→ WHAT THIS TASK INVOLVES: Can you copy out the data exactly? Leave the images out.

→ GIVEN DATA:

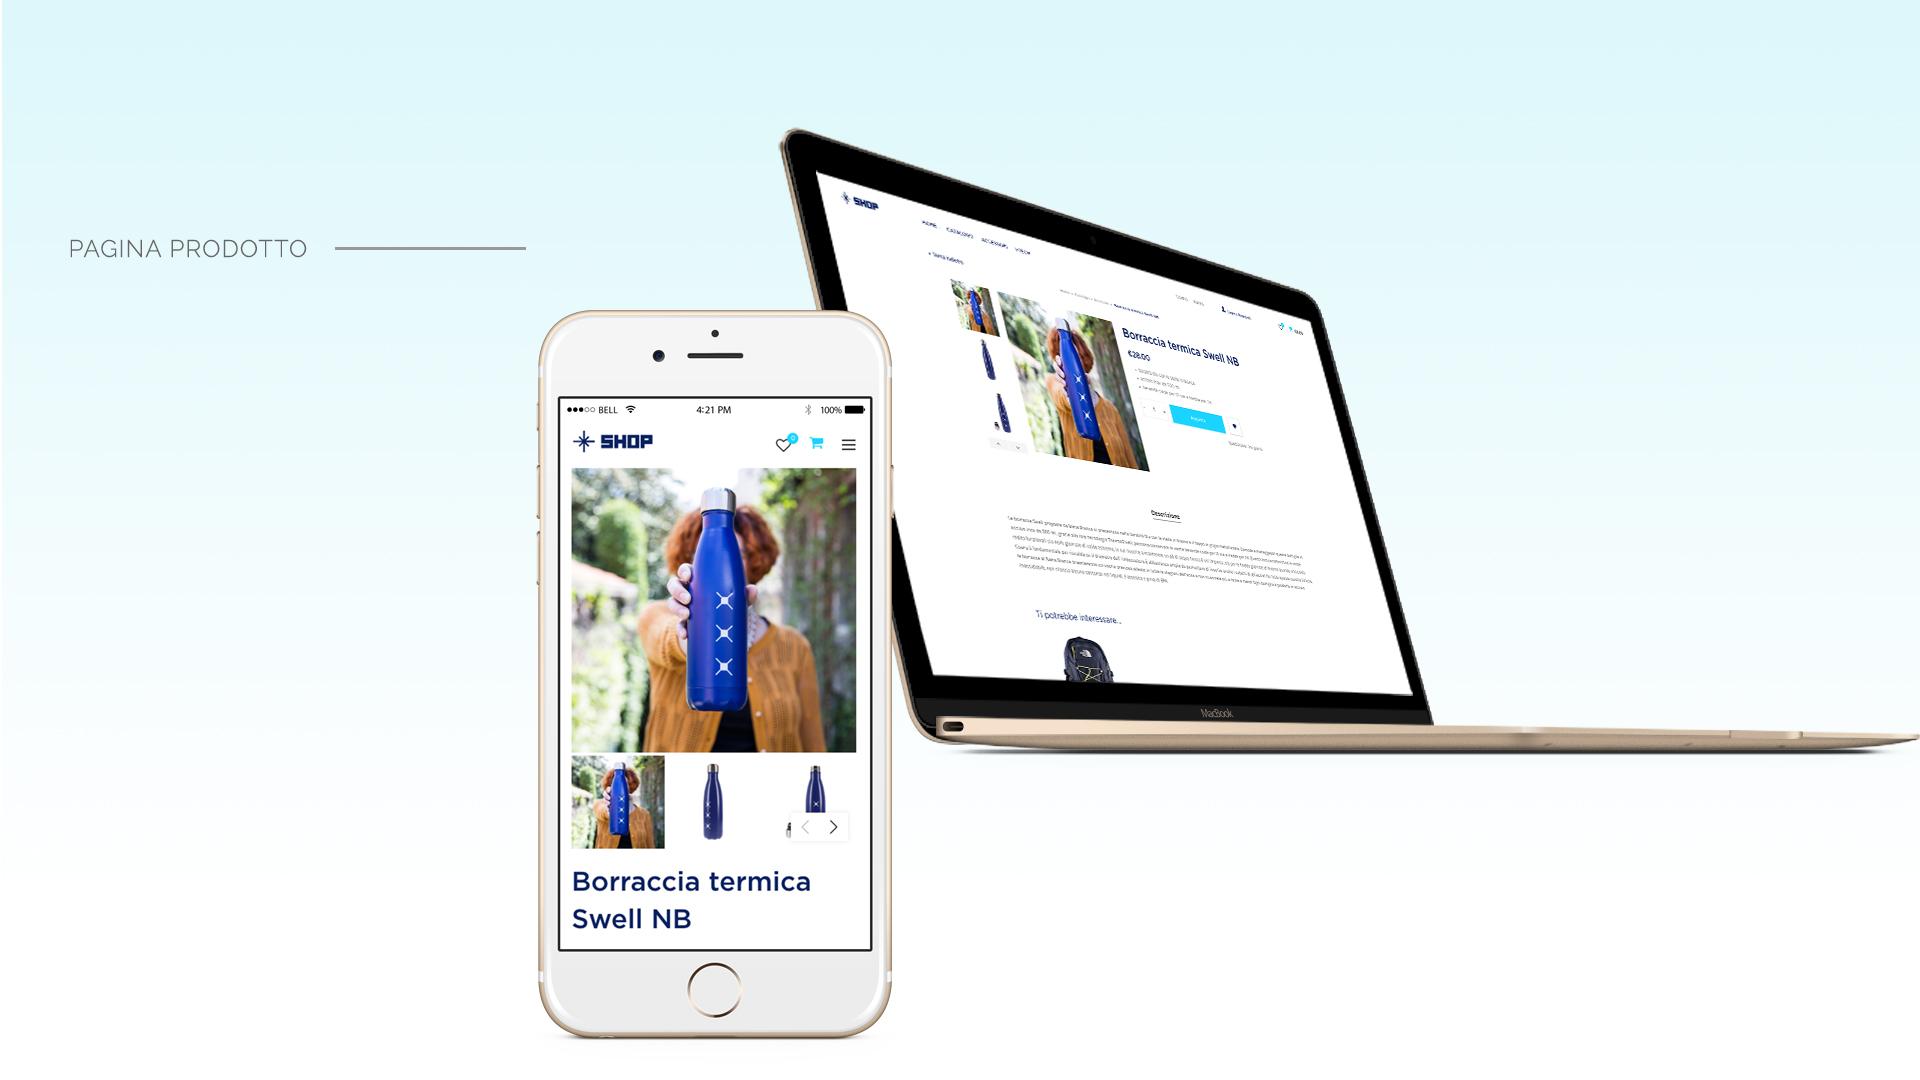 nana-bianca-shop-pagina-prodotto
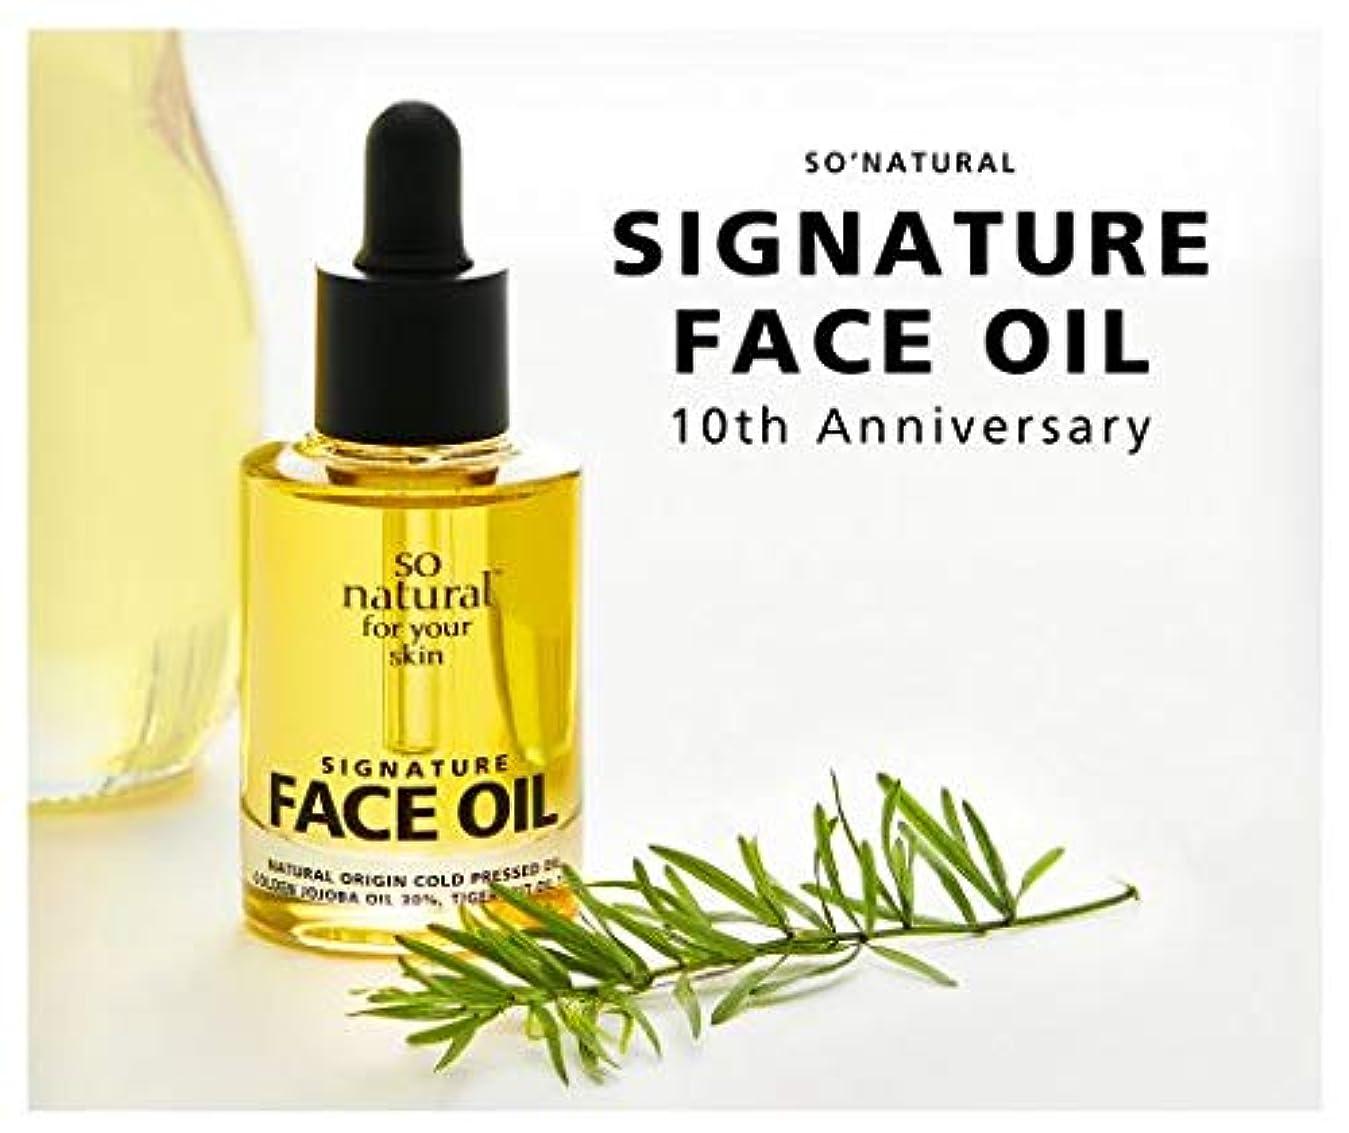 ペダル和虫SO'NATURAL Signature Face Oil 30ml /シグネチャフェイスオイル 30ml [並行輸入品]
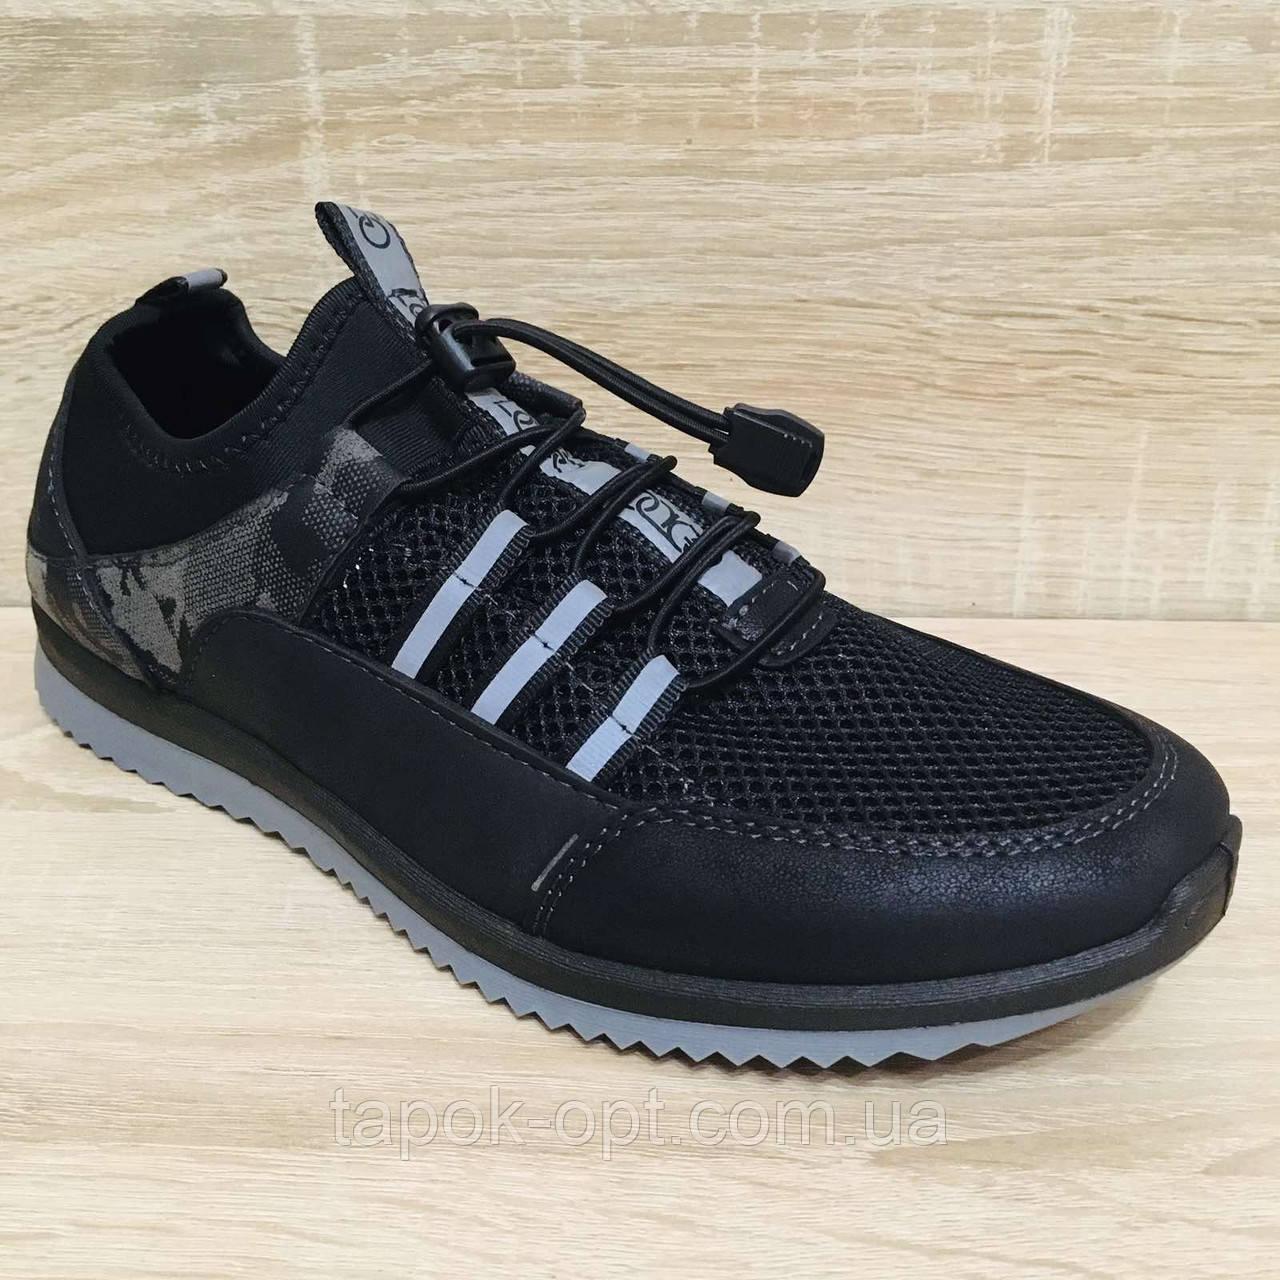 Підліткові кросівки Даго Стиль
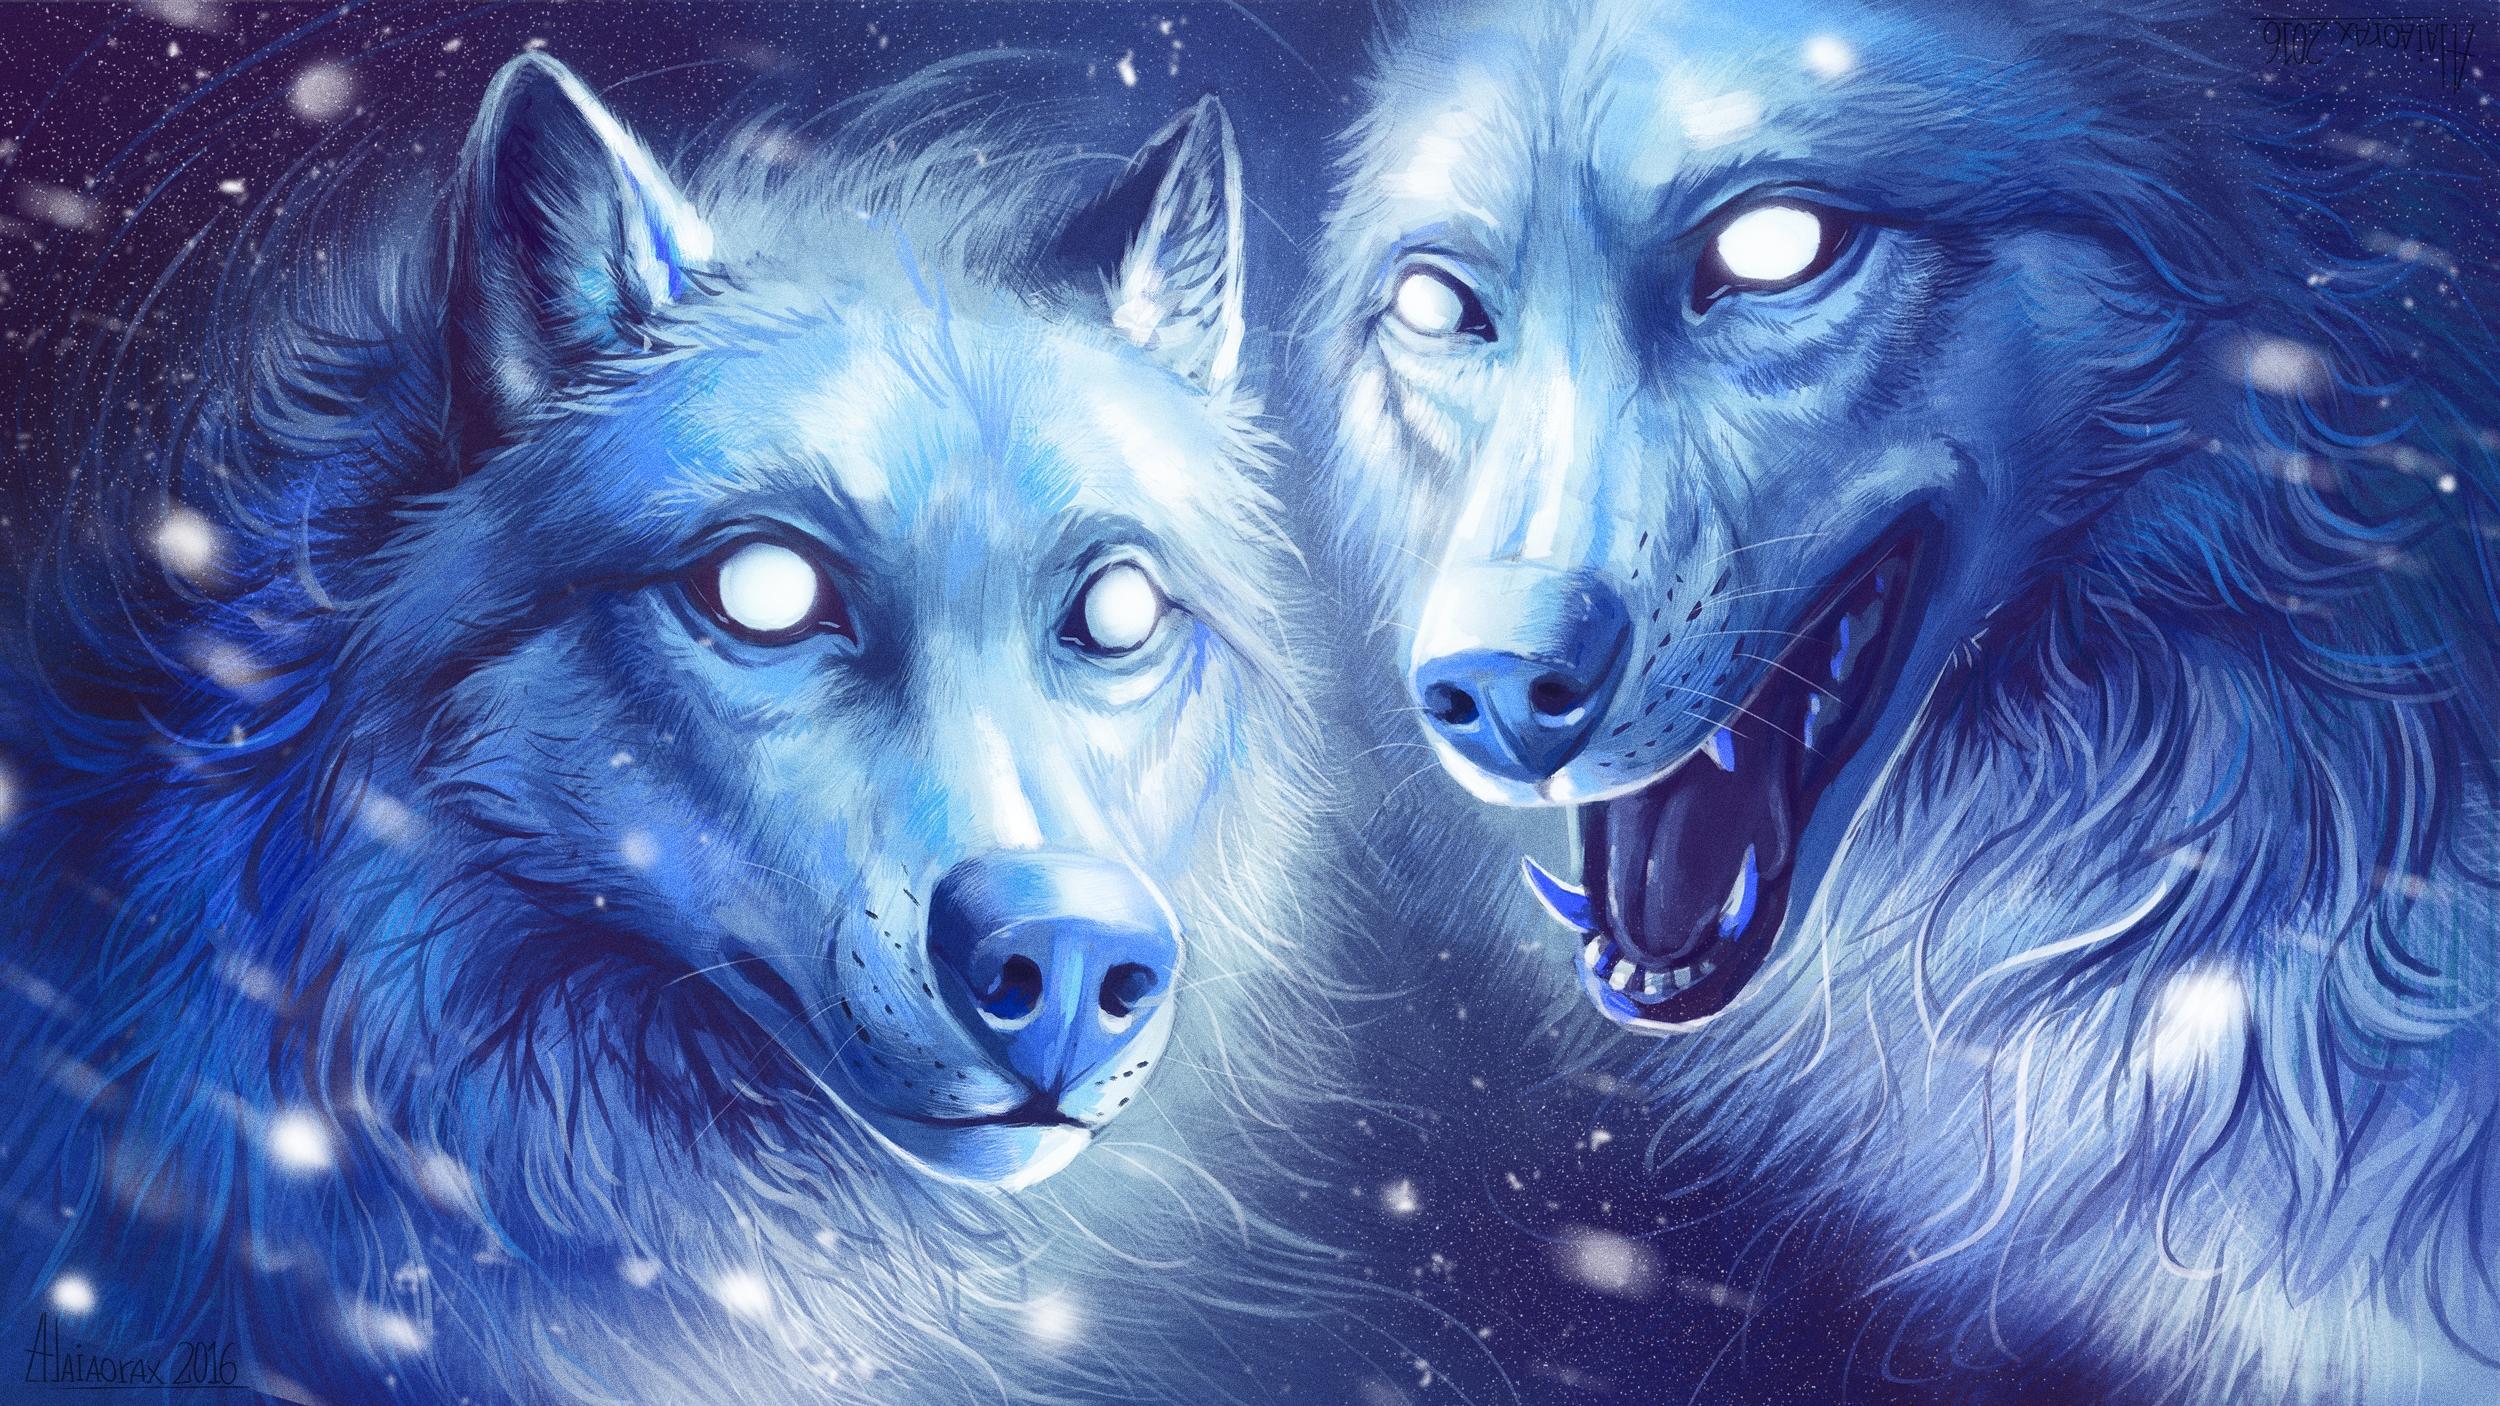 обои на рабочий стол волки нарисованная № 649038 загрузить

→ RESULT FOR THIS EXERCISE:
 nana-bianca-shop-pagina-prodotto
 ペダル和虫SO'NATURAL Signature Face Oil 30ml /シグネチャフェイスオイル 30ml [並行輸入品]
 Підліткові кросівки Даго Стиль
 обои на рабочий стол волки нарисованная № 649038 загрузить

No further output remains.